Nicht alle Experten teilen diese pessimistische Einschätzung. Das Analysehaus Evercore ISI stuft den Gegenwind durch Speicherpreise als „minimal“ ein und setzte Apple vor den Zahlen auf die Liste der „Tactical Outperform“-Werte. Unterstützung für die Bullen liefert zudem die neue Partnerschaft mit Google. Apple wird deren Cloud-Technologie und das Sprachmodell Gemini nutzen, um die eigenen KI-Funktionen und Siri zu verbessern. Dieser strategische Schritt adressiert die Sorge vieler Anleger, Apple könnte im KI-Wettlauf gegenüber Microsoft oder Nvidia den Anschluss verlieren.

Blick auf den 29. Januar

Am kommenden Mittwoch, den 29. Januar, wird sich zeigen, ob die Sorgen berechtigt waren.

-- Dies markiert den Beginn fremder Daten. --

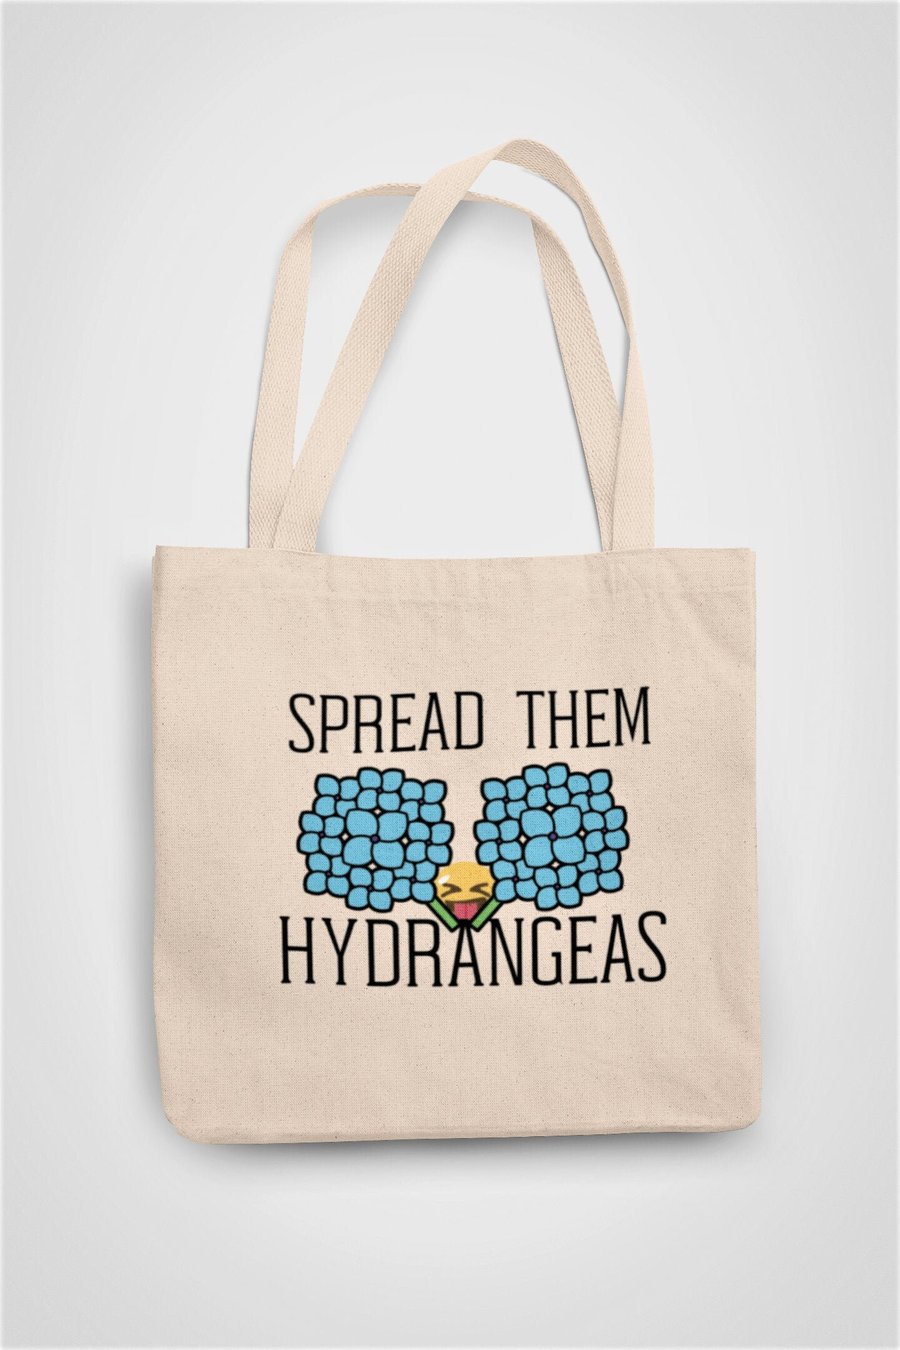 Spread Them Hydrangeas Outdoor Garden Tote Bag Reusable Cotton bag - Novelty 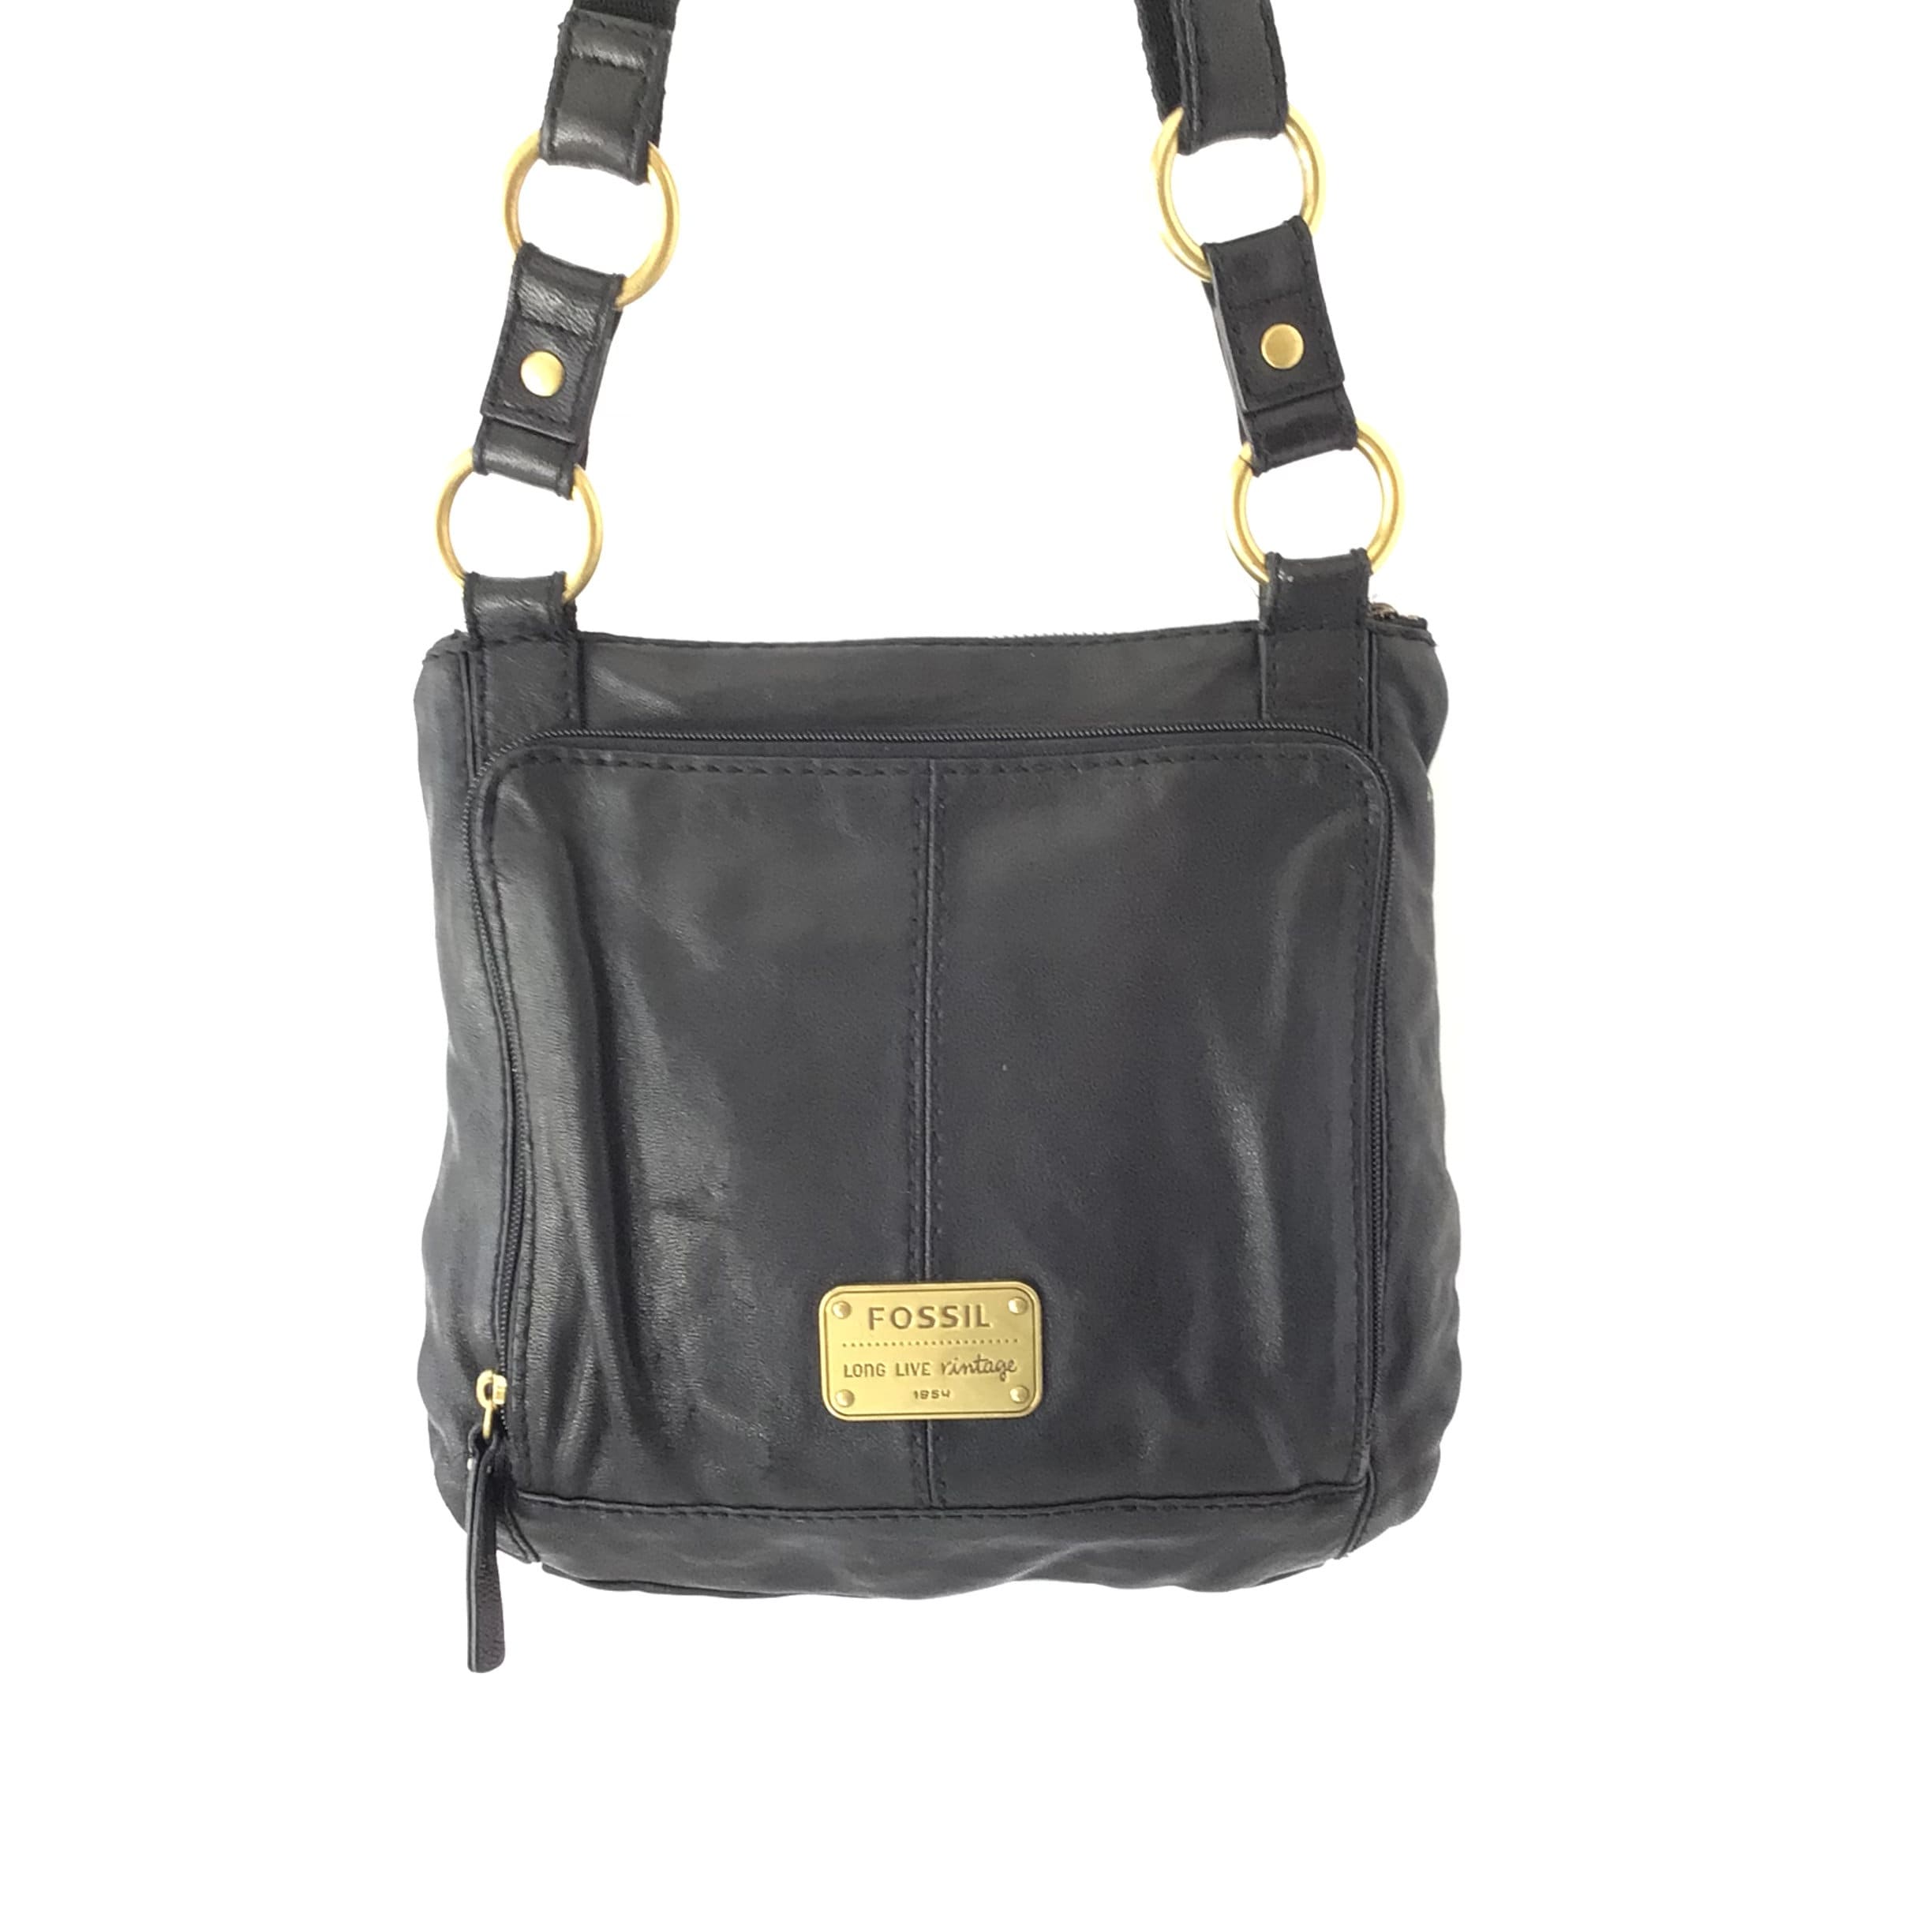 Fossil Crossbody Black Bags & Handbags for Women for sale | eBay

Das Management selbst bezeichnete das abgelaufene Quartal als „rekordverdächtig“. Der Markt erwartet einen Umsatz von rund 138,3 Milliarden US-Dollar, was einem Wachstum von 11 Prozent entspräche, sowie einen Gewinn je Aktie von 2,65 US-Dollar.

Neben den reinen Finanzkennzahlen liegt der Fokus auf zwei kritischen Bereichen:
* Services-Sparte: Investoren achten darauf, ob das margenstarke Dienstleistungsgeschäft weiterhin zweistellig wächst.
* China-Geschäft: Hier steht Apple durch lokale Konkurrenten wie Huawei unter massivem Preisdruck. Der Quartalsbericht muss zeigen, ob sich die Marktanteile stabilisiert haben.

Mit einem aktuellen Analysten-Konsensziel von rund 290 US-Dollar signalisieren die Experten trotz der jüngsten Korrektur ein Aufwärtspotenzial von etwa 17 Prozent. Entscheidend für eine Trendwende wird sein, ob Apple am 29. Januar beweisen kann, dass die Margen trotz gestiegener Komponentenkosten stabil bleiben.